2 Data exploration

In this section we are going to explore the data in order to find insights.

2.1 Missing values checking and fixing

Do we have any missing data ?

x
country 0
year 0
sex 0
age 0
suicides_no 0
population 0
suicides.100k.pop 0
country.year 0
HDI.for.year 19456
gdp_for_year…. 0
gdp_per_capita…. 0
generation 0

Only the HDI.for.year column contains missing values. What is the proportion of missing data in this column?

## [1] 69.9353

Near 70 % of the data is missing for this column. We’ll see how we can make use of this variable.

2.2 Qualitative variables frequencies

2.2.1 Génération

generation nb
Boomers 4990
G.I. Generation 2744
Generation X 6408
Generation Z 1470
Millenials 5844
Silent 6364

These are the number of occurences of each generation in the dataset.

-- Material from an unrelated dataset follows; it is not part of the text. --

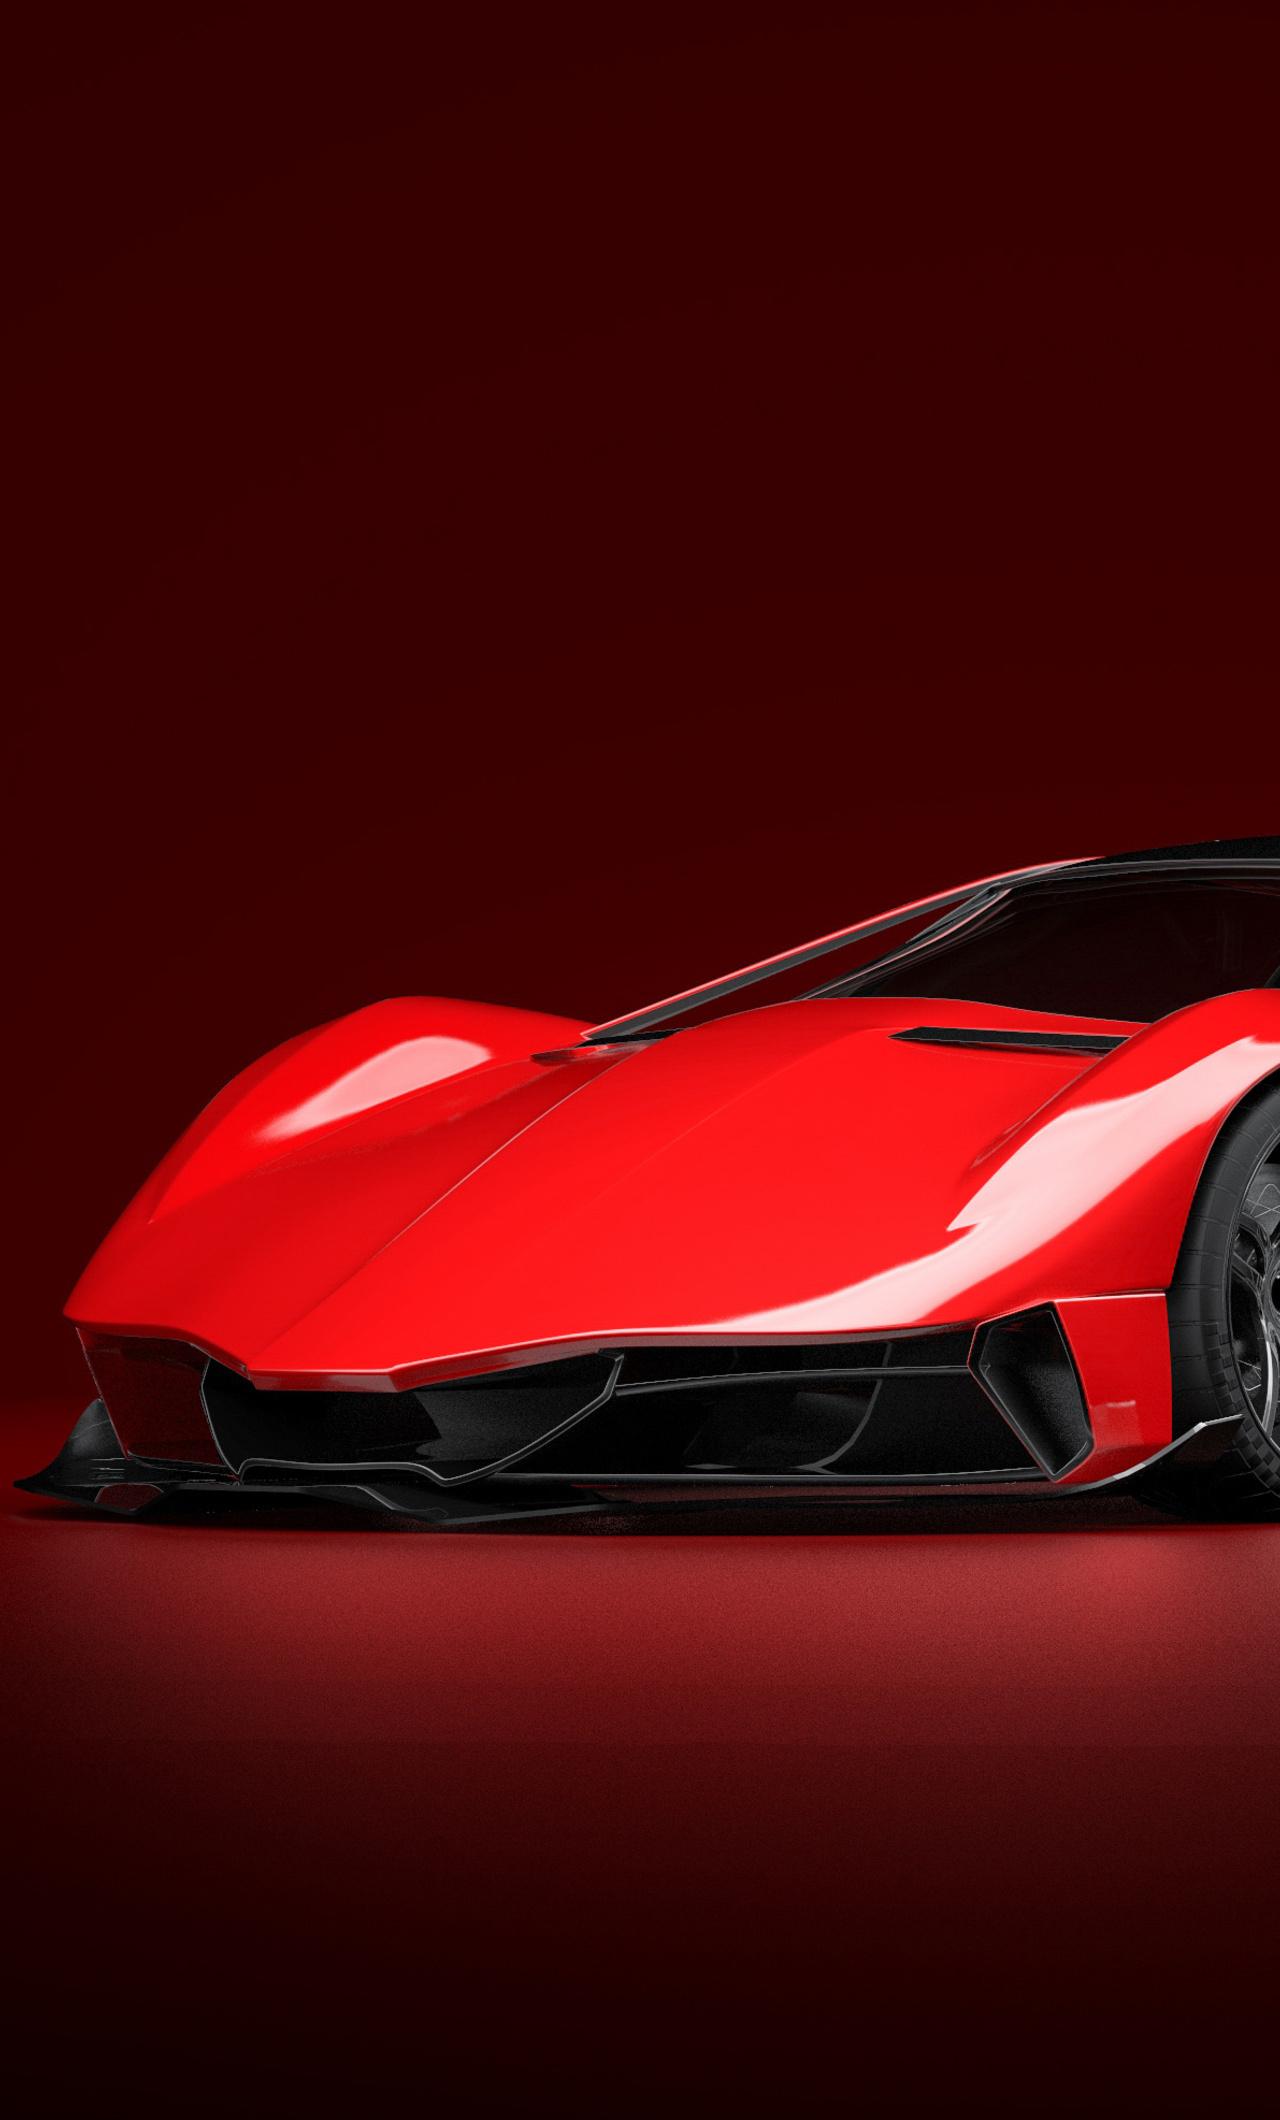 1280x2120 Lamborghini Countach 4k Iphone 6 Hd 4k Wallpapers Images

X generation and silent are the most popular. Generation Z is the smallest group.

2.2.2 Age groups

Let’s now visualize the age groups

The age groups are all equally distributed.

2.2.3 By sex

How about the the sex group. They both are equally distributed

2.3 Data by year

Now do we have the same amount of data for each year ?

The dataset does not have all the data for each year. Each year varies. For example the last year 2016 has the fewest records. We need to keep this information in mind when we want to interpret the results of the analysis.